THE TASK
With the pictures omitted, print exactly the lines below, from the one containing "how much is nfl game pass per month" through the one containing "HOW TO USE COLLAGEN SERUM?", and nothing else.

PROVIDED INFORMATION
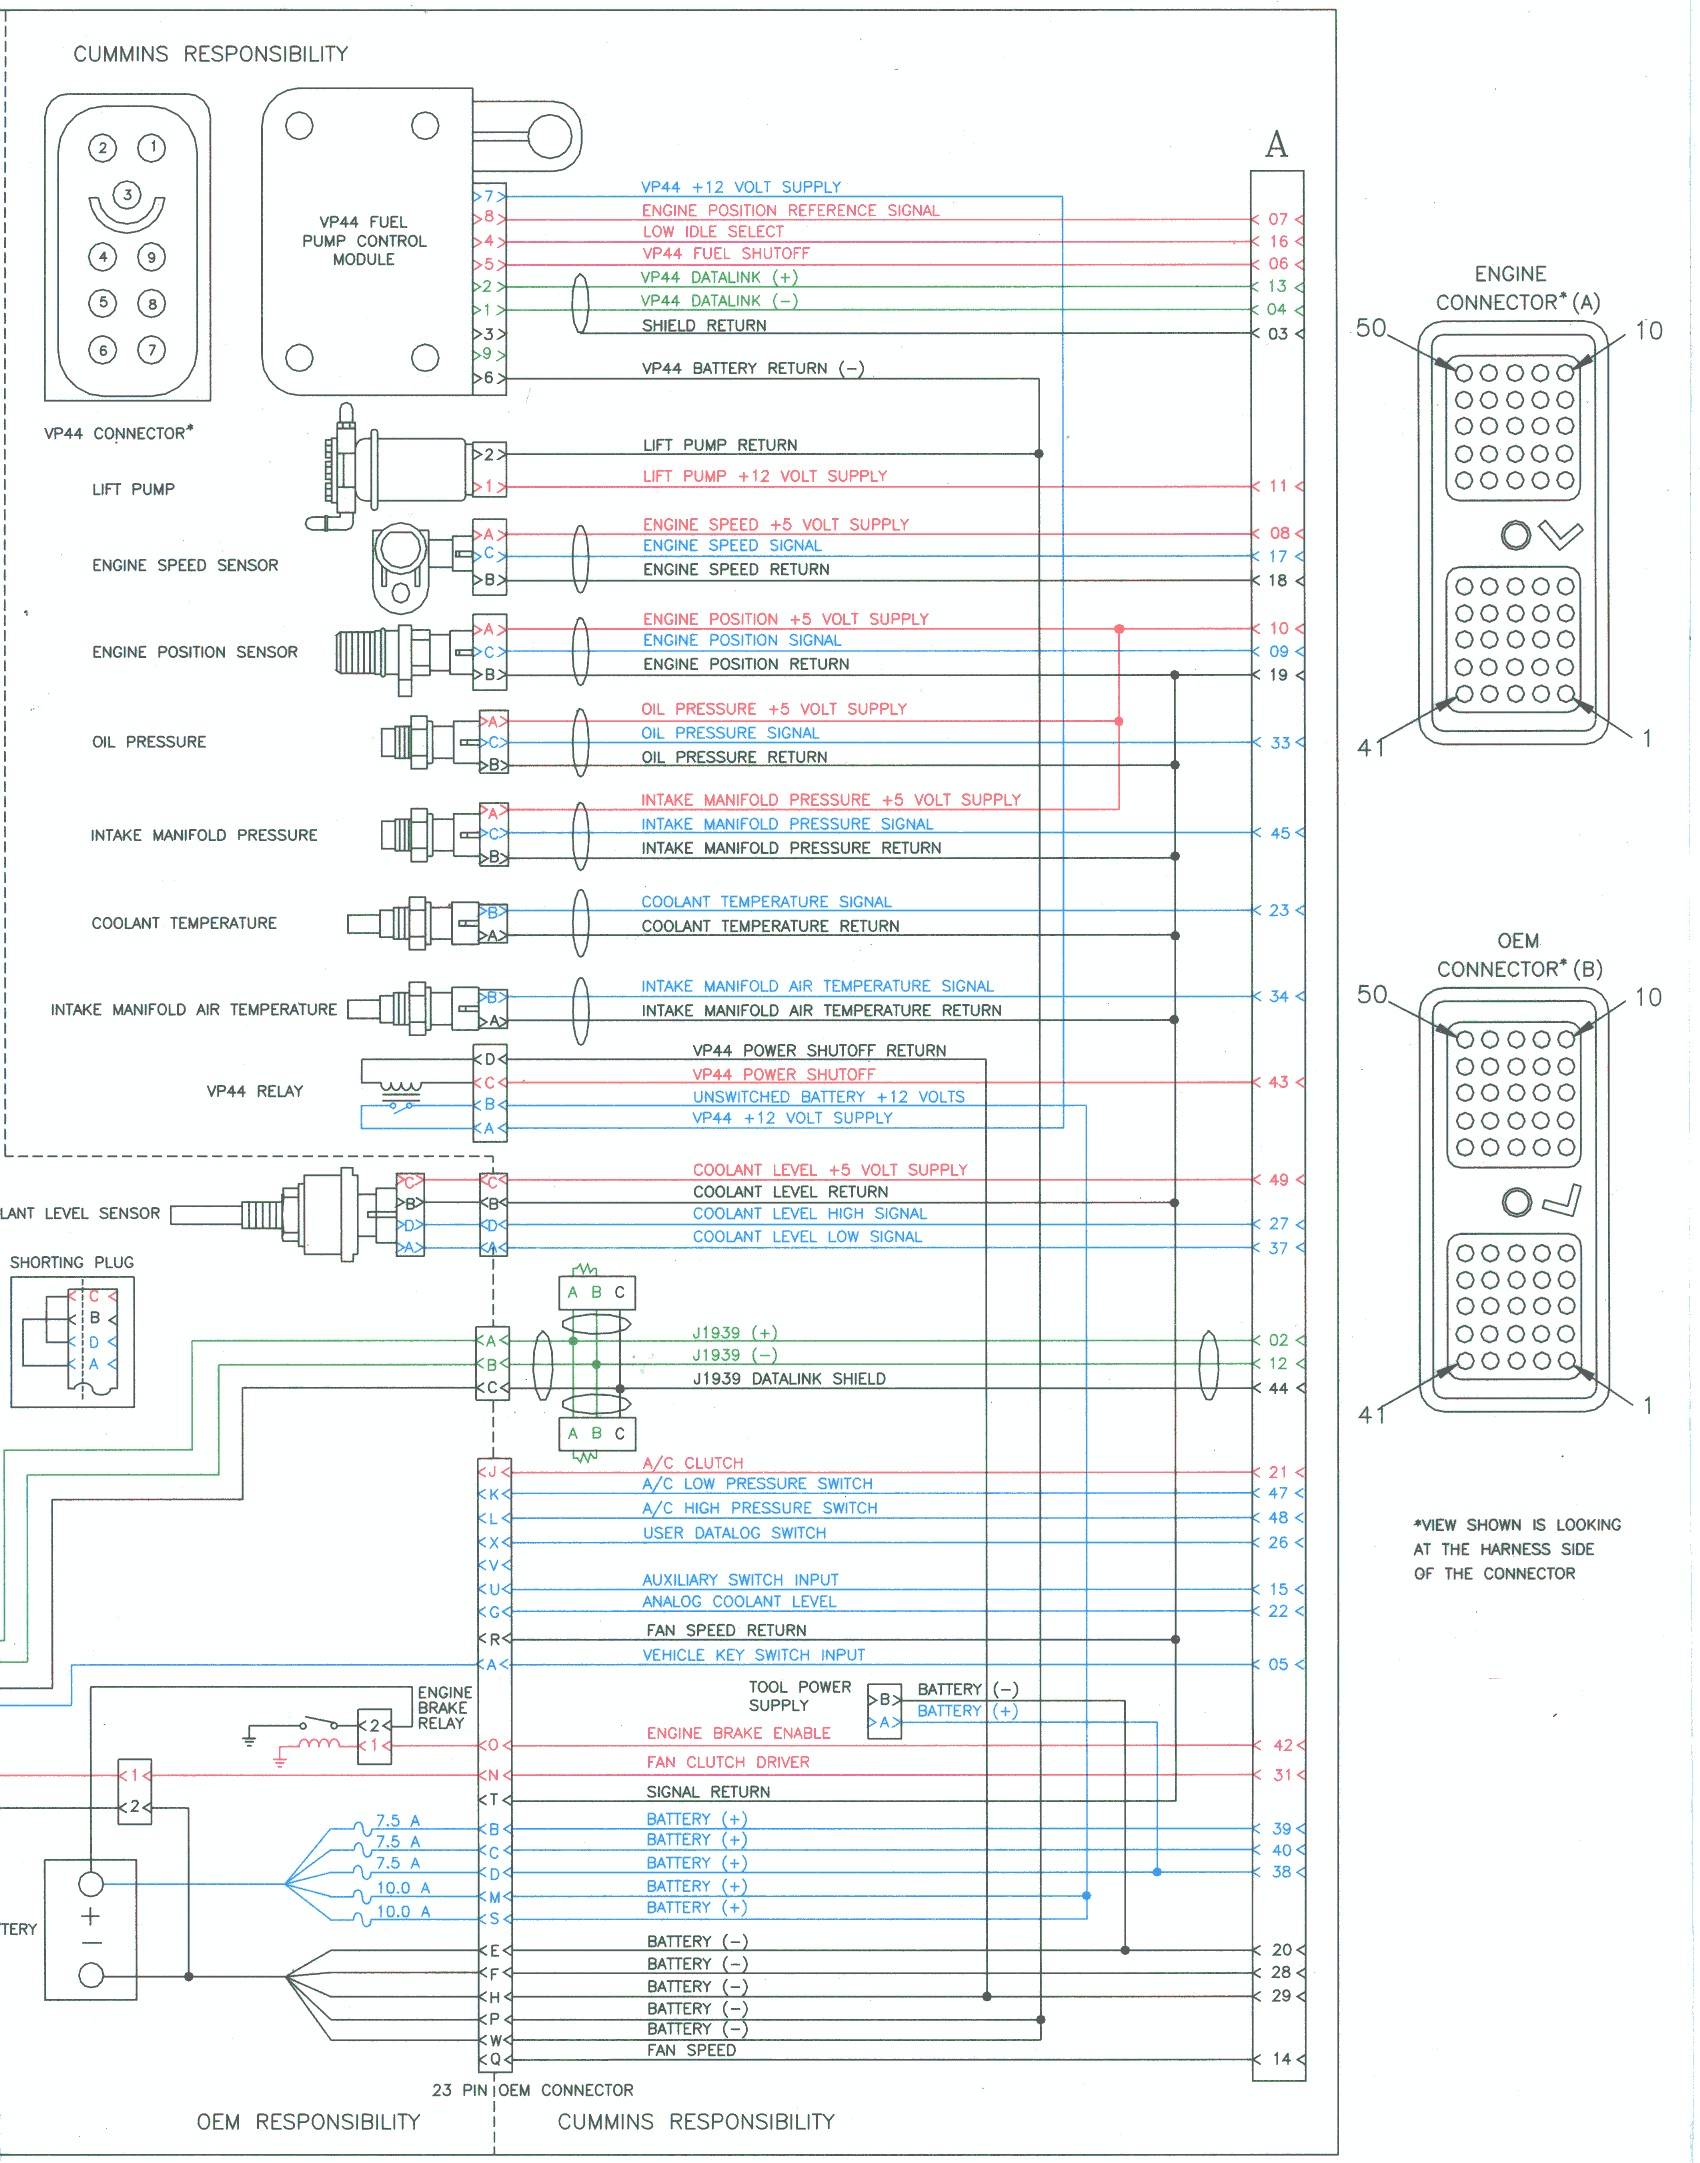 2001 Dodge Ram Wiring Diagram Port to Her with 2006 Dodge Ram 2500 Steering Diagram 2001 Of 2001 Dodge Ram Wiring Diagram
==
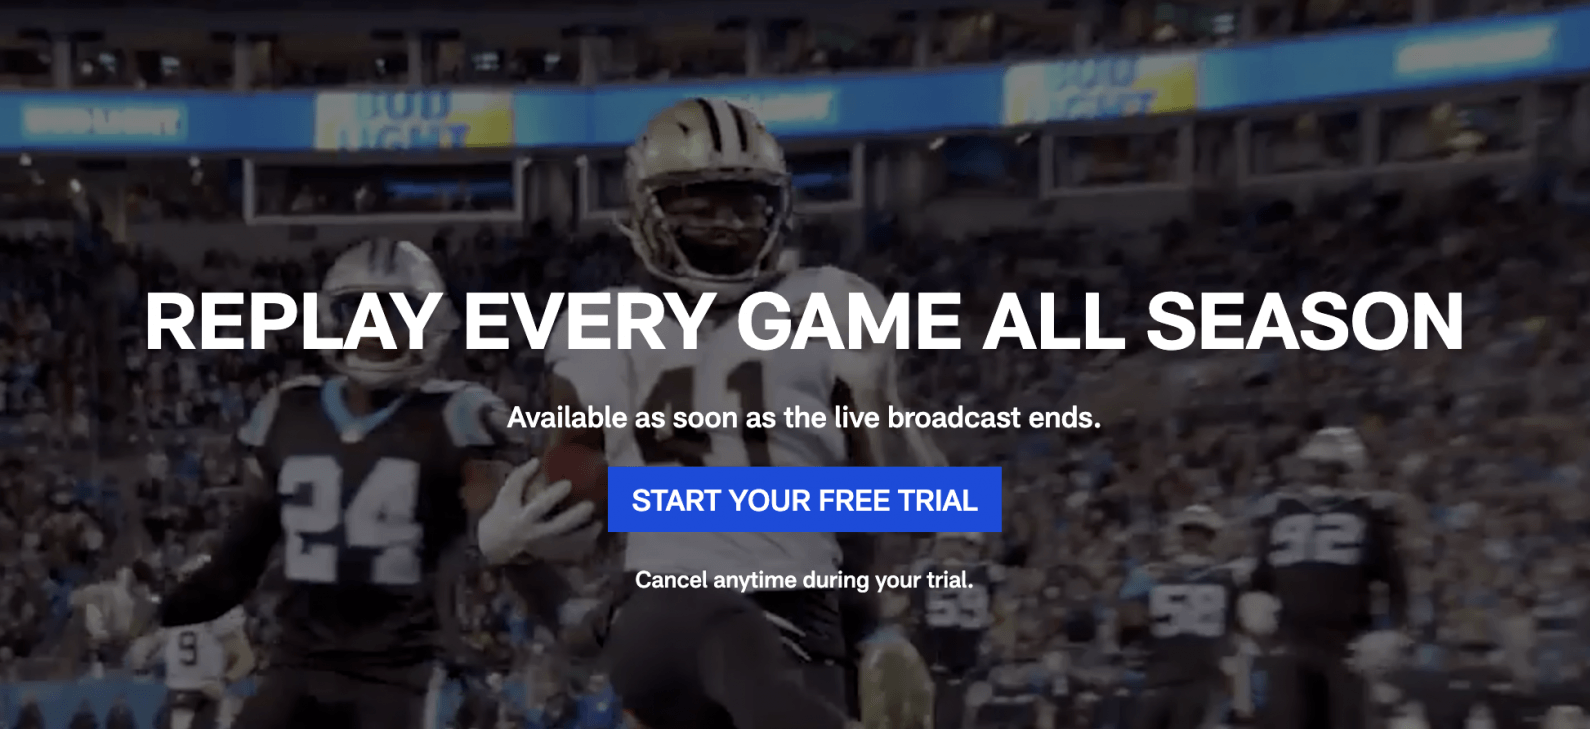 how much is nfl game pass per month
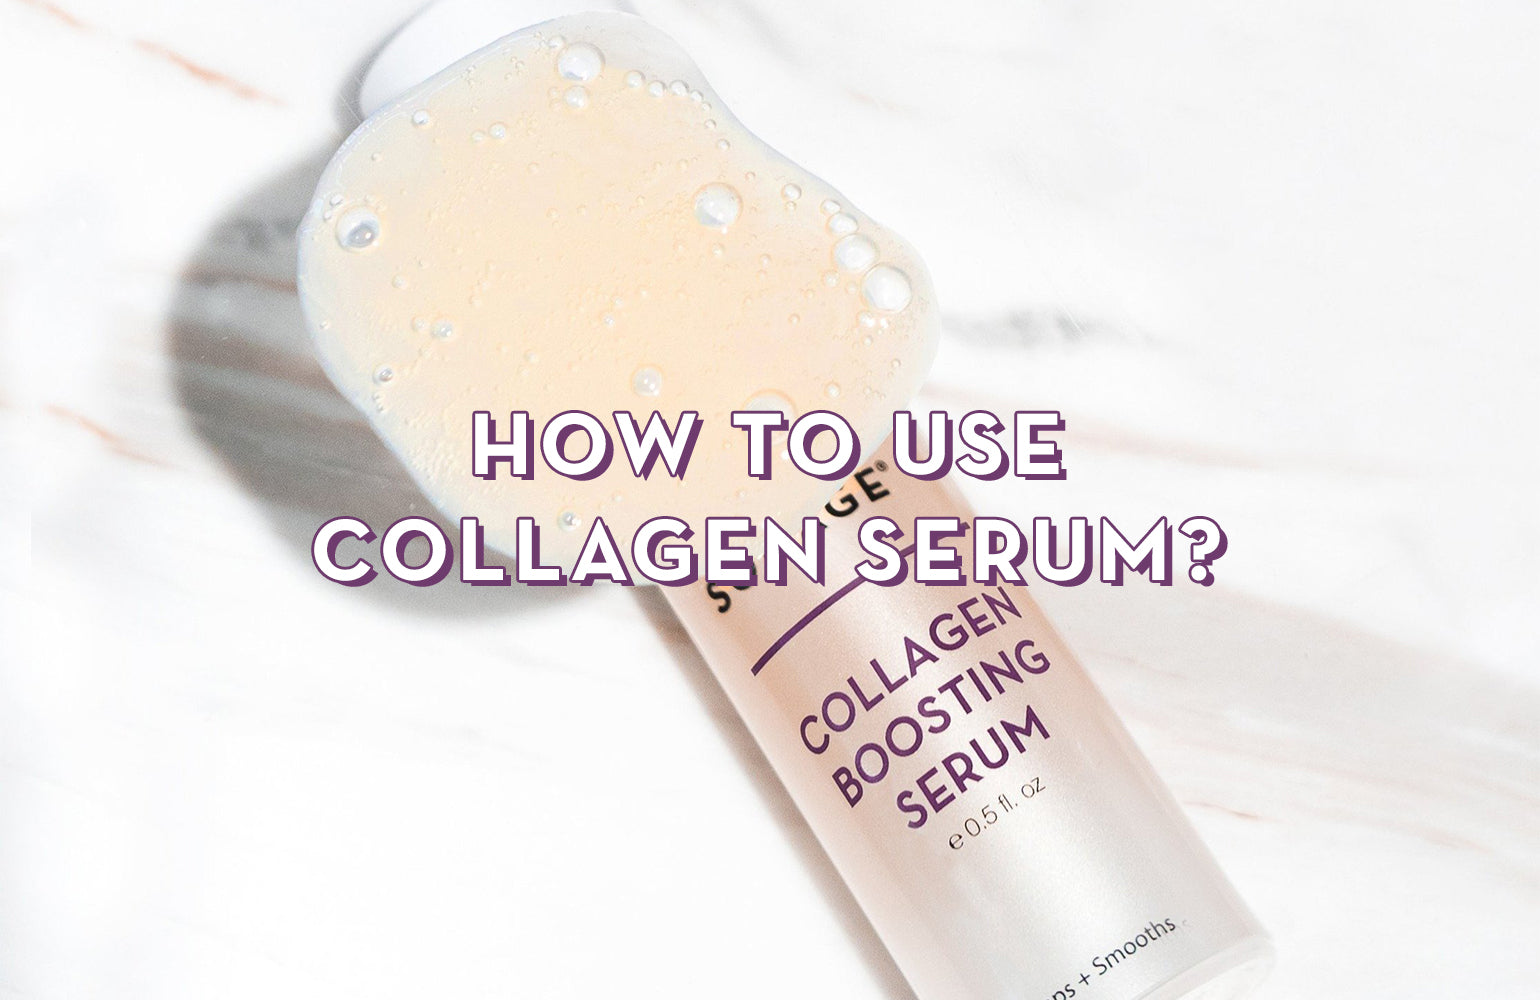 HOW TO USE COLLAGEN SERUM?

OUTPUT OF THE TASK
 how much is nfl game pass per month
 HOW TO USE COLLAGEN SERUM?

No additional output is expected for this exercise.